Abstract:We consider the problem of minimizing the sum of a smooth function $h$ with a bounded Hessian, and a nonsmooth function. We assume that the latter function is a composition of a proper closed function $P$ and a surjective linear map $\cal M$, with the proximal mappings of $\tau P$, $\tau > 0$, simple to compute. This problem is nonconvex in general and encompasses many important applications in engineering and machine learning. In this paper, we examined two types of splitting methods for solving this nonconvex optimization problem: alternating direction method of multipliers and proximal gradient algorithm.
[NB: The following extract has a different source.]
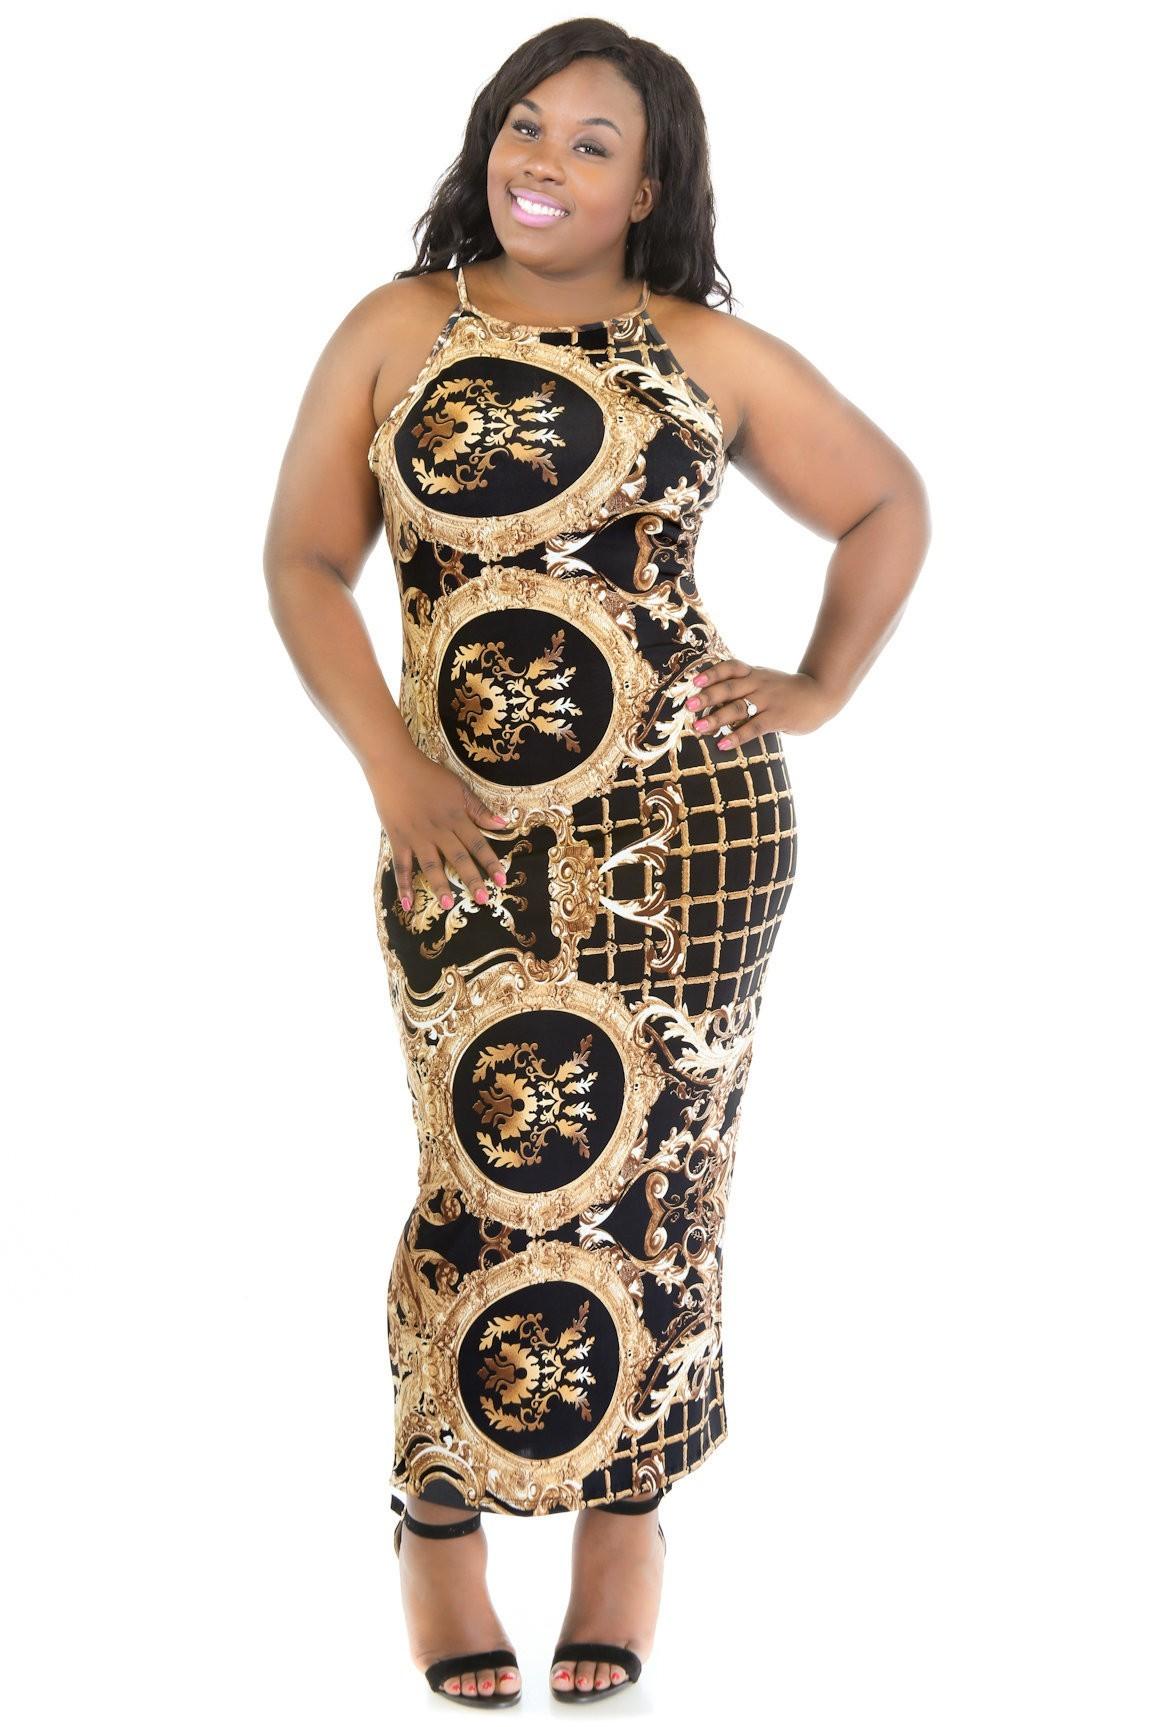 Stunning Lioness Dress

For the direct adaptation of the alternating direction method of multipliers, we show that, if the penalty parameter is chosen sufficiently large and the sequence generated has a cluster point, then it gives a stationary point of the nonconvex problem. We also establish convergence of the whole sequence under an additional assumption that the functions $h$ and $P$ are semi-algebraic. Furthermore, we give simple sufficient conditions to guarantee boundedness of the sequence generated. These conditions can be satisfied for a wide range of applications including the least squares problem with the $\ell_{1/2}$ regularization. Finally, when $\cal M$ is the identity so that the proximal gradient algorithm can be efficiently applied, we show that any cluster point is stationary under a slightly more flexible constant step-size rule than what is known in the literature for a nonconvex $h$.